That email was meant for Airs, I spoke to the studio and they barely have a single Gravity for looking. At the time of my call they didn’t even know why they suddenly were getting calls for test drives, nobody gave them a heads up.
This has has been the situation at Lucid for a very long time. The Sales and the Marketing operations are managed separately, and they do not communicate with each other. I do not know why, but it's one of the weirdest persistent organizational issues I've ever seen, especially in a fairly small company.
I have seen the scenario you describe play out in other contexts. The most pronounced was at the West Palm Beach Studio last fall. I got an email nvitation to attend a "special" showing of a Gravity during a 2-hour window. We rearranged a league tennis match to make the visit within the specified hours. We arrived at the showroom right at the start of the specified viewing window. I walked up to a sales associate and said I had an invitation for the "special" event. She seemed confused, saying the car had been on the floor since the afternoon of the day before, and anyone could walk in off the street and see it. A few minutes later, a couple of people from Lucid Marketing marched out of a backroom with several trays of sandwiches and snacks for the "special" showing. I asked the sales associate what was going on, and she just shrugged, saying she had no idea.
A similar situation played out a few weeks later when a different Gravity arrived at the Miami Worldcenter Studio for another "special" showing to which I received an invitation. This time I called ahead and was told the car was already in the showroom, and there were no designated "special" viewing hours. This studio was more heavily staffed with sales associates than West Palm Beach, and there was a large contingent of corporate Marketing and corporate Product Planning people on hand. I had a long and very informative talk with one of the Product Planning staffers. But when I later asked a couple of sales associates questions, I found them woefully ill-informed. One didn't even realize that a wall display had been put up that displayed Gravity interior colors and that the exterior color blocks had been set up for viewing on a table. It was clear that the sales associates had been kept completely out of the loop of how the marketing people were managing the showing as well as not being briefed on the Gravity itself.

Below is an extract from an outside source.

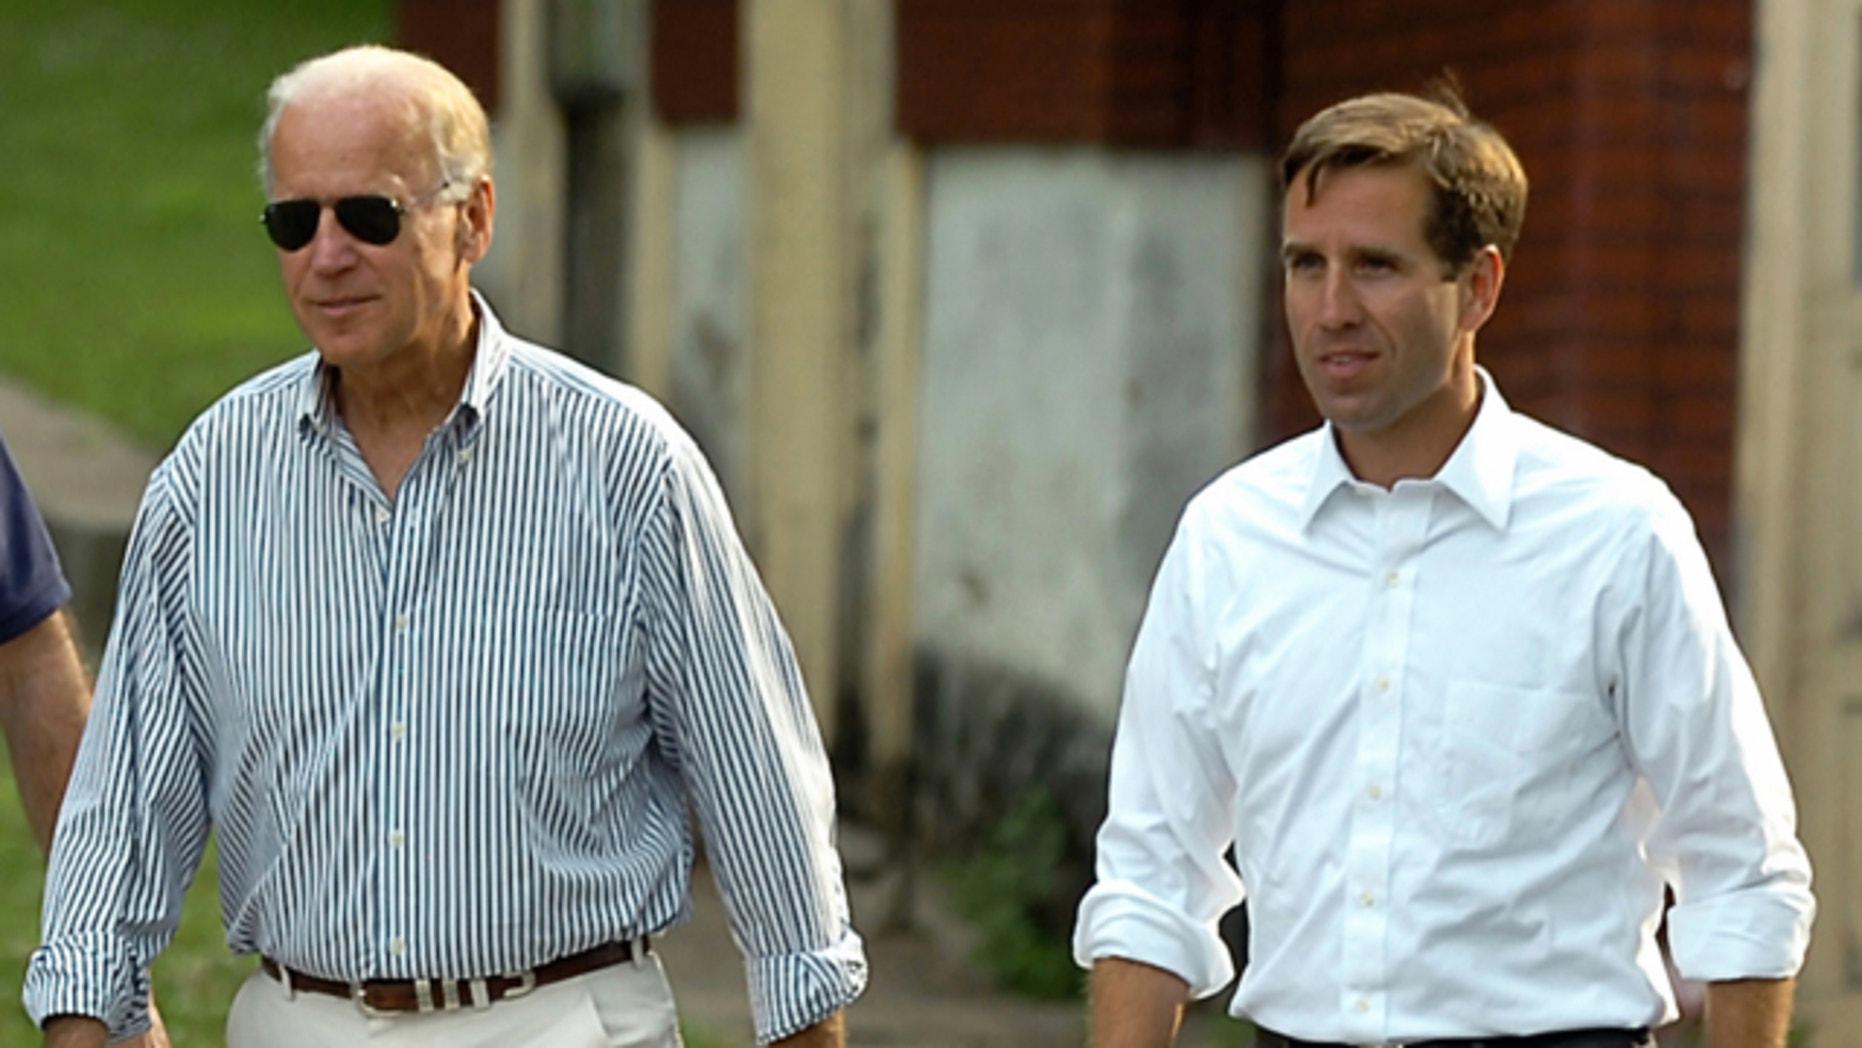 FILE: July 4, 2012: Delaware Attorney General Beau Biden, right, takes a walk with his father,Vice President Joe Biden, to the Green Ridge Little Baseball Field in Scranton, Pa.
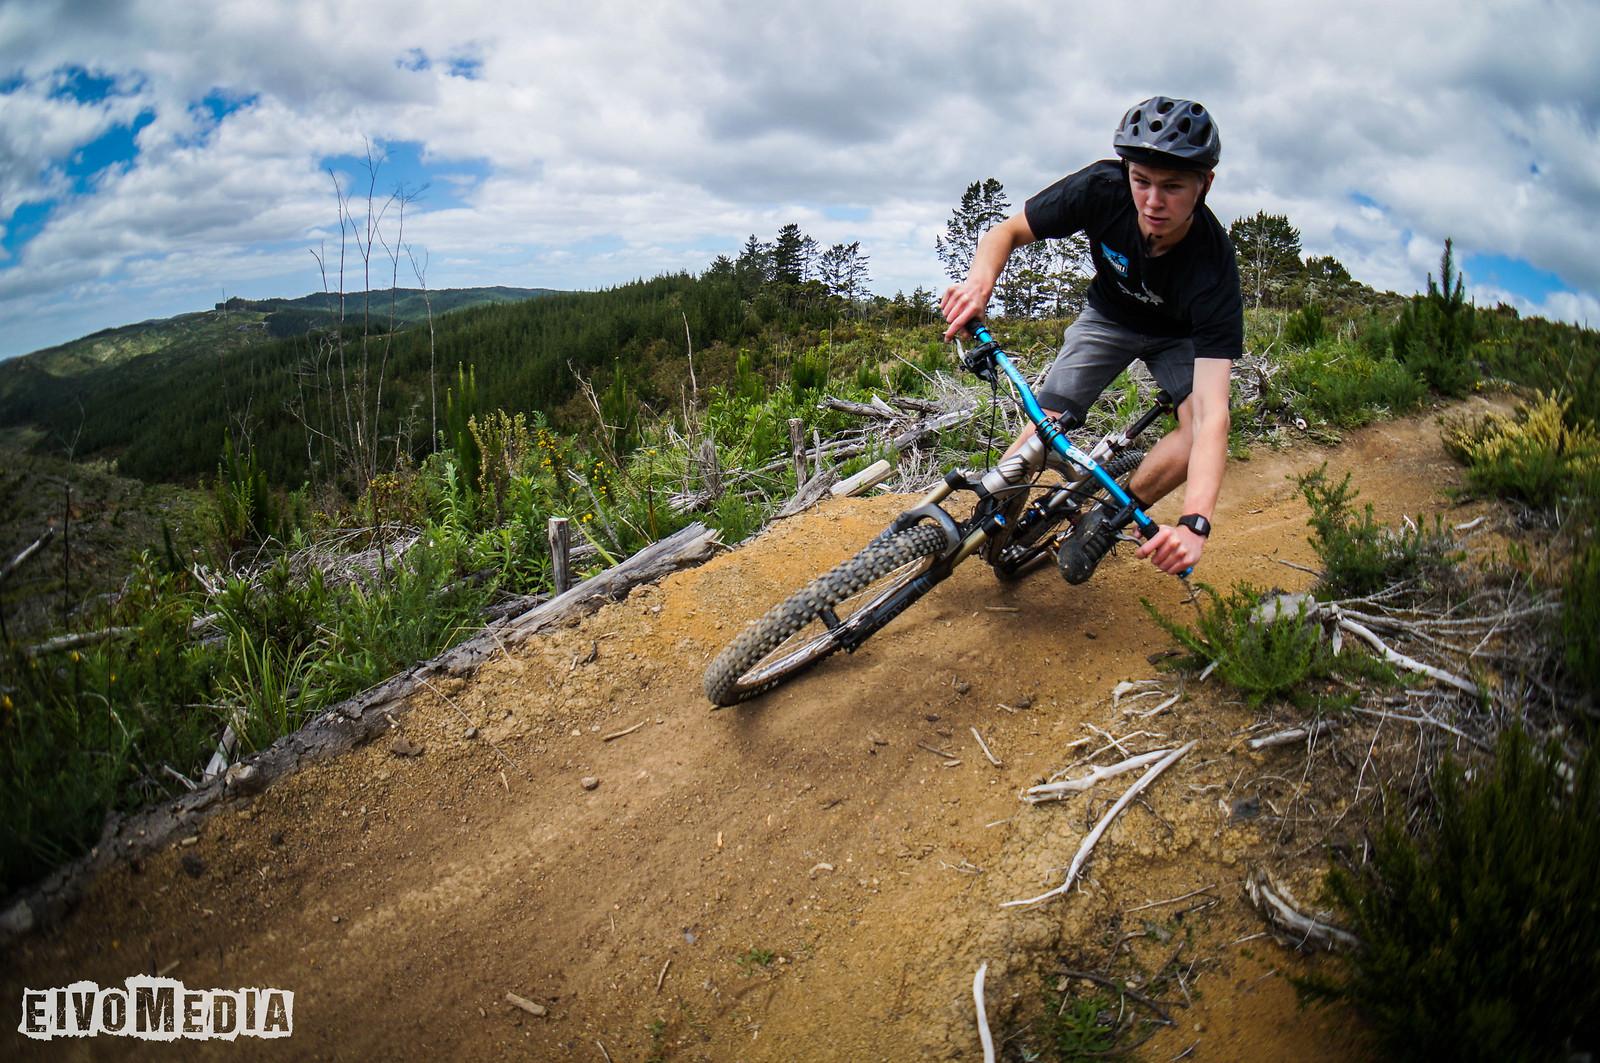 WCRC - Hunter Flatz -3 - EIVOMEDIA - Mountain Biking Pictures - Vital MTB

I have wondered whether allowing this type of organizational disarray to fester might not have played a role in Peter Rawlinson's departure, especially as Winterhoff seemed to go out of his way during the earnings call to mention marketing shortcomings as something that was going to be addressed.
In fairness, Rawlinson had too much on his plate for any mortal, and this seemed to be exacerbated by his engineer's bias to obsess over engineering details. It is also why every car he has developed, beginning with the original Model S, has broken major new ground. So I'm glad he was there, and I'm one who wished he had stayed.
But his successors need to get on the stick and finally get Marketing and Sales on the same page.